Polyethylene terephthalate (hereinafter referred to as PET) fiber has been mass-produced throughout the world, to establish a large industry, because it is most suitable for the clothing use.
Polytrimethylene terephthalate (hereinafter referred to as PTT) fiber is known from prior art documents such as J. Polymer Science: Polymer Physics Edition: Vol. 14, p 263 to 274 (1976), Japanese Unexamined Patent Publication (Kokai) No. 52-5320 or WO-99/27168.
There is a disclosure in these prior art documents in that a fabric using PTT fibers having a proper elongation at break, thermal stress and/or shrinkage in boiling water has a low modulus to exhibit a soft hand touch and is suitable for the clothing such as inner wear, outer wear, sportswear, hosiery, lining cloth or swim suits.

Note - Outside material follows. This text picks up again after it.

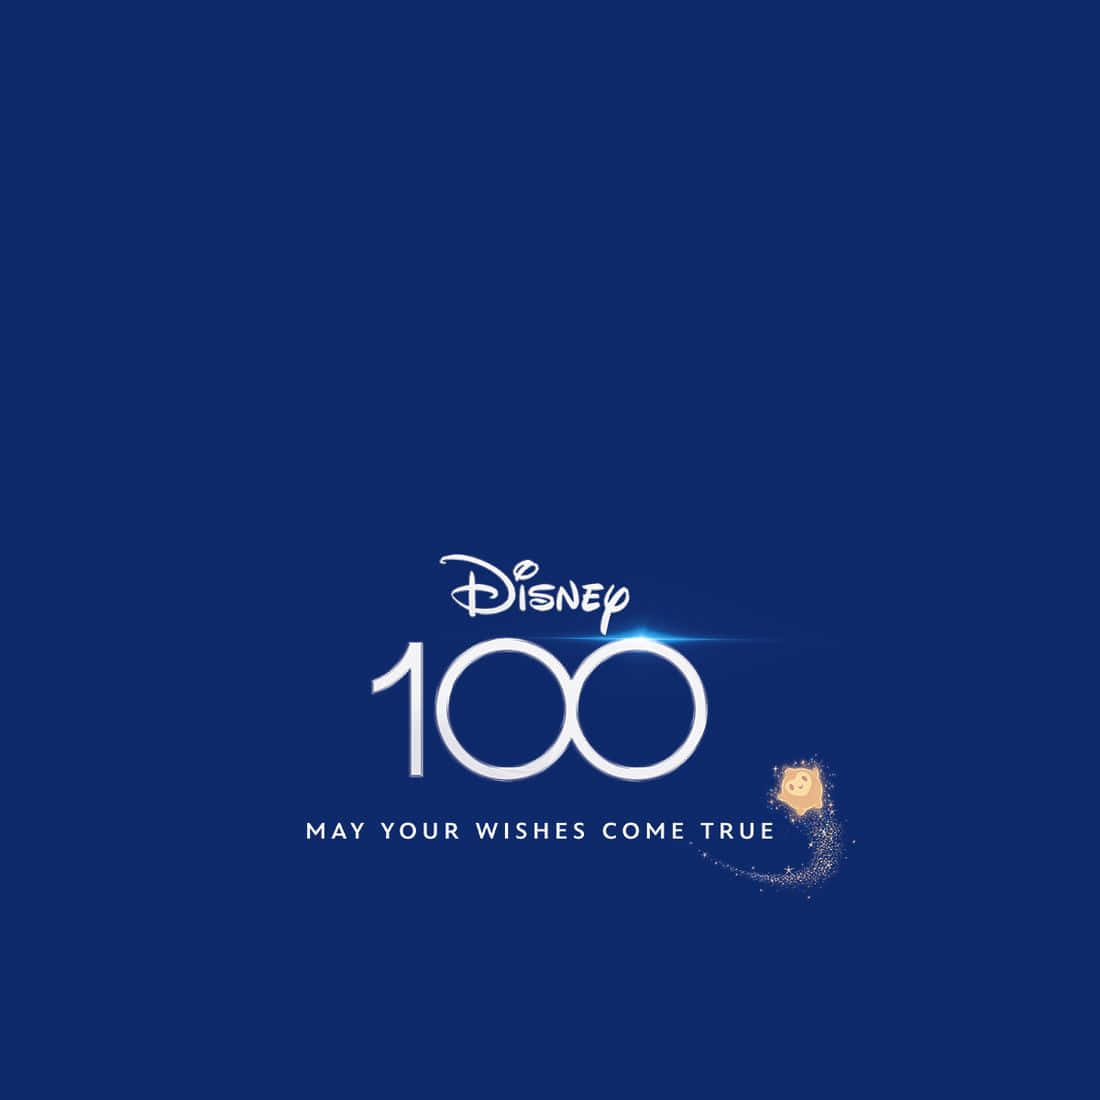 Disney100 Celebration Logo Wallpaper
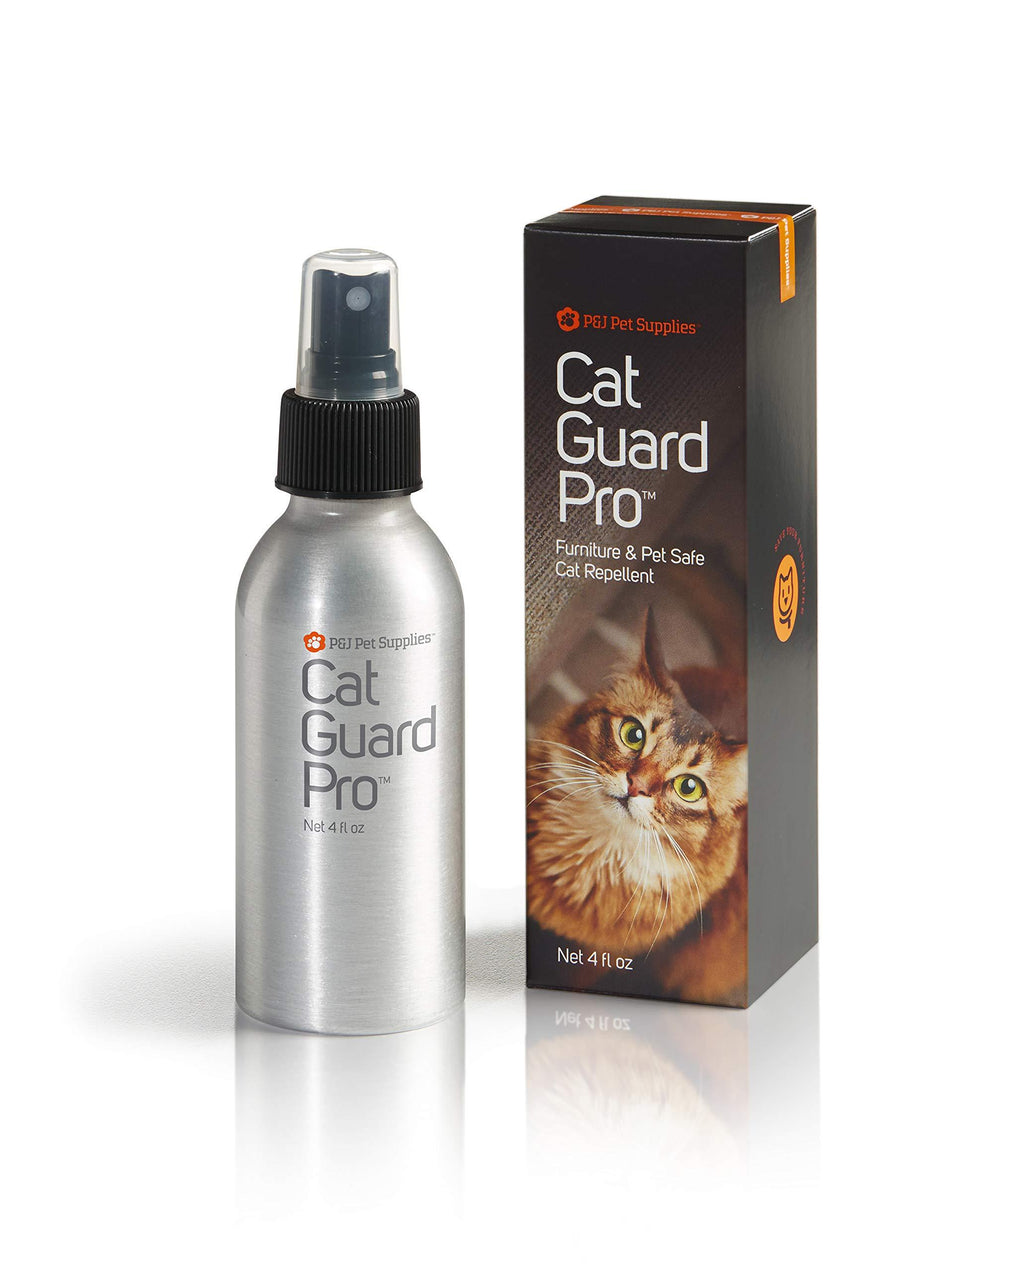 [Australia] - Cat Guard Pro Pet Safe Furniture Cat Repellent - 4oz Spray Bottle Original

On the other hand, polyester conjugate fibers of a side-by-side type or an eccentric sheath/core type have been known as fibers capable of providing a fabric with a bulkiness without being subjected to a false-twist texturing process.
As a PTT type conjugate fiber characterized by a soft hand touch, there is a conjugate fiber in which PTT is used as at least one of its components or a conjugate fiber in which PTTs having different inherent viscosities are used as both components (hereinafter, these are referred to as polyester type conjugate fibers), as disclosed in Japanese Examined Patent Publication (Kokoku) No. 43-19108, Japanese Unexamined Patent Publication (Kokai) Nos. 11-189923, 2000-239927, 2001-55634, EP 1059372, Japanese Unexamined Patent Publication No. 2001-131837, U.S. Pat. No. 6,306,499, WO 01/53573 or U.S. 2002-0025433. These prior art documents describe that the polyester type conjugate fiber is characterized by a soft hand touch and a favorable crimp developing property which characteristics are suitable for various stretch fabrics or bulky fabrics.
In general, when the polyester type conjugate fiber is produced by a melt spinning method, there are a two-stage method in which an undrawn fiber once wound as a package is drawn to be a drawn fiber and a single-stage method in which the spinning and the drawing are continuously carried out in one process.
In Japanese Unexamined Patent Publication (Kokai) Nos. 2001-131837, 2001-348734 and 2002-61031, a so-called direct spin-draw method is proposed when the polyester type conjugate fiber is produced, in which the spinning and the drawing are continuously carried out in one stage.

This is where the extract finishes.